This section provides a definitive architectural guide to the two giants of managed registries—AWS Elastic Container Registry (ECR) and Google Artifact Registry (GAR)—and explores the frontier of Image Streaming to solve the “cold start” problem.


12.2.1. The Anatomy of an ML Container Image

To optimize storage and transfer, one must first understand the physics of the artifact. An OCI (Open Container Initiative) image is not a single file; it is a Directed Acyclic Graph (DAG) of content-addressable blobs.

The Layer Cake

A standard container image consists of:

  1. Manifest: A JSON file listing the layers and the configuration.
  2. Configuration: A JSON blob containing environment variables, entry points, and architecture (e.g., linux/amd64).
  3. Layers: Tarballs (.tar.gzip) representing filesystem diffs.

In Machine Learning, these layers have a distinct “Heavy-Tailed” distribution:

Layer TypeContentTypical SizeFrequency of Change
Base OSUbuntu/Debian/Alpine50MB - 800MBLow (Monthly)
System LibsCUDA, cuDNN, NCCL2GB - 6GBLow (Quarterly)
RuntimePython, Conda env500MB - 1GBMedium (Weekly)
Dependenciespip install -r requirements.txt200MB - 1GBHigh (Daily)
Applicationsrc/, Inference Code< 50MBVery High (Hourly)
Model Weights.pt, .safetensors100MB - 100GBVariable

Architectural Anti-Pattern: Baking the Model Weights into the Image. While convenient for small models, embedding a 20GB LLM into the Docker image creates a monolithic blob that breaks the registry’s deduplication efficiency. If you change one line of code in inference.py, the registry (and the node) must often re-process the entire image context.

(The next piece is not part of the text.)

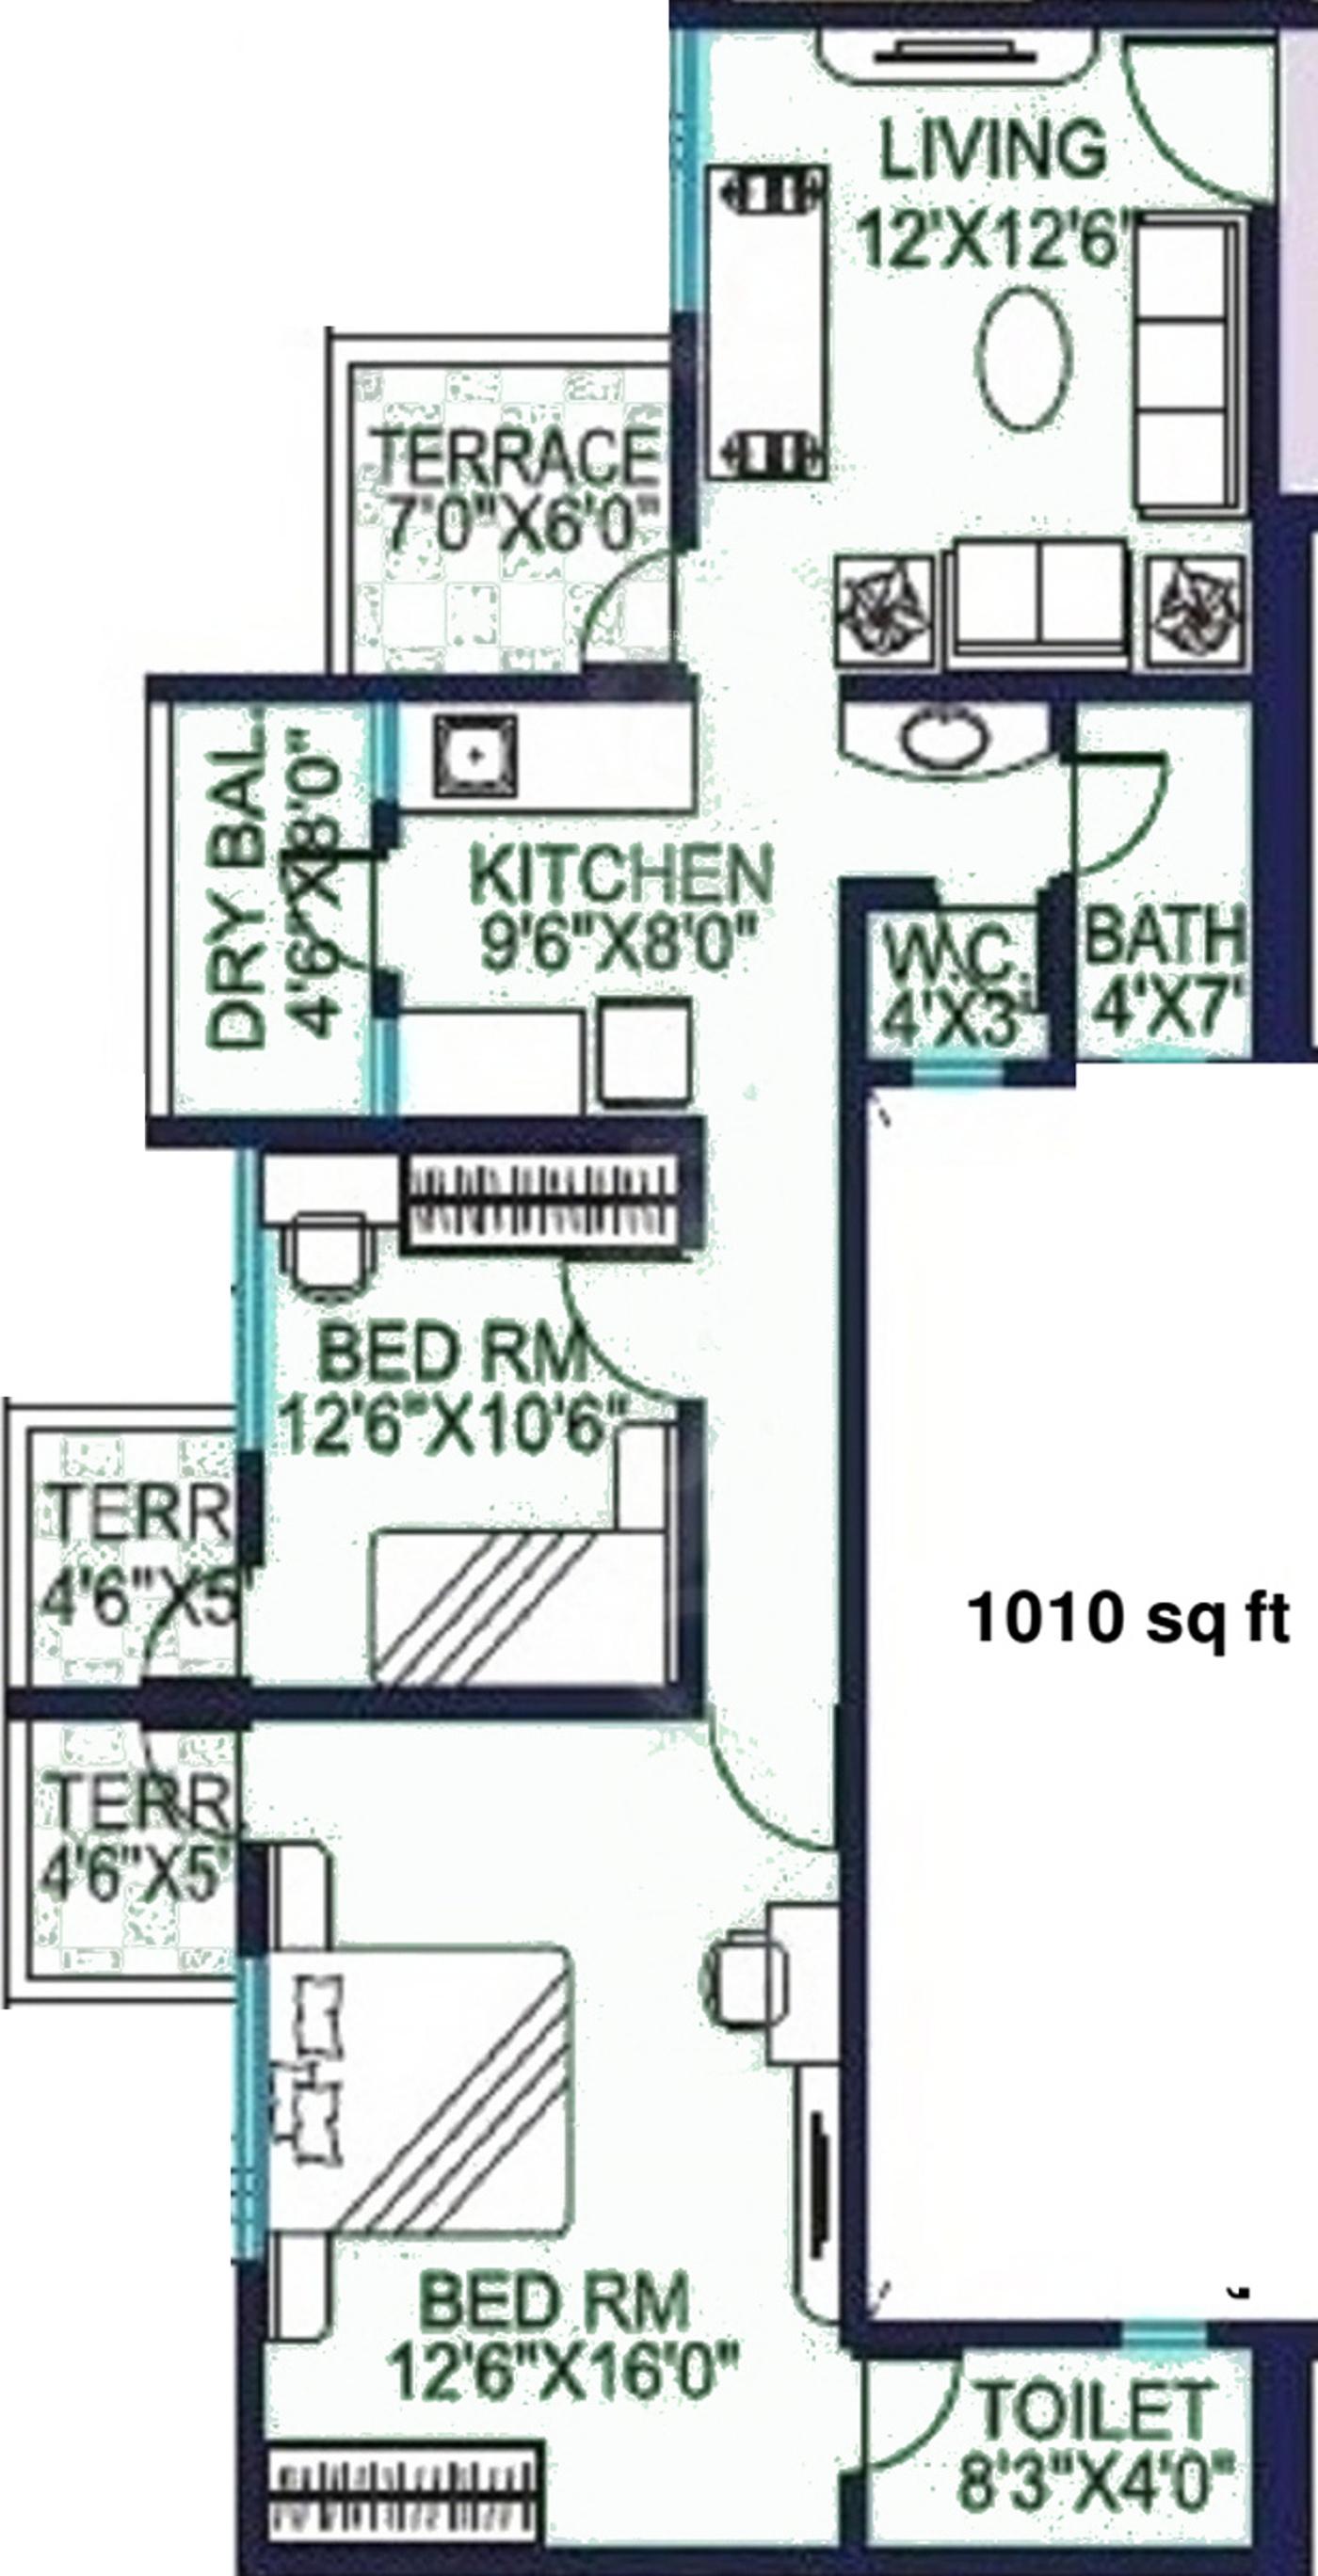 1010 Sq Ft 2 Bhk 2t Apartment For Sale In Shree Balaji

  • Best Practice: Mount model weights at runtime from object storage (S3/GCS) or use a separate “Model Volume” (EBS/PD). Keep the container image focused on code and dependencies.

The Compression Penalty

Standard OCI images use gzip compression.

  • Pros: Universal compatibility.
  • Cons: Not seekable. To read the last file in a layer, you must decompress the entire stream. This prevents parallel downloading of individual files within a layer and blocks “lazy loading.”
  • The MLOps Impact: When a node pulls an image, the CPU is often pegged at 100% just inflating the gzip stream, becoming a compute-bound operation rather than network-bound.

12.2.2. AWS Elastic Container Registry (ECR)

AWS ECR is a fully managed Docker container registry that is tightly integrated with IAM and S3. It is the default choice for any workload running on EC2, EKS, ECS, or SageMaker.

Architecture and primitives

ECR is Region-Specific. An image pushed to us-east-1 does not exist in eu-central-1 unless explicitly replicated. The backing store is S3 (managed by AWS, invisible to the user), providing “11 9s” of durability.

Key Components:

  1. Repositories: Namespaces for images (e.g., my-project/inference-server).
  2. Authorization Token: Valid for 12 hours. Obtained via aws ecr get-login-password.
  3. Lifecycle Policies: JSON rules to automate hygiene.

Lifecycle Policies: The Garbage Collector

ML training pipelines generate thousands of intermediate images (e.g., v1.0-commit-a1b2c, v1.0-commit-d4e5f). Without aggressive cleanup, ECR costs spiral.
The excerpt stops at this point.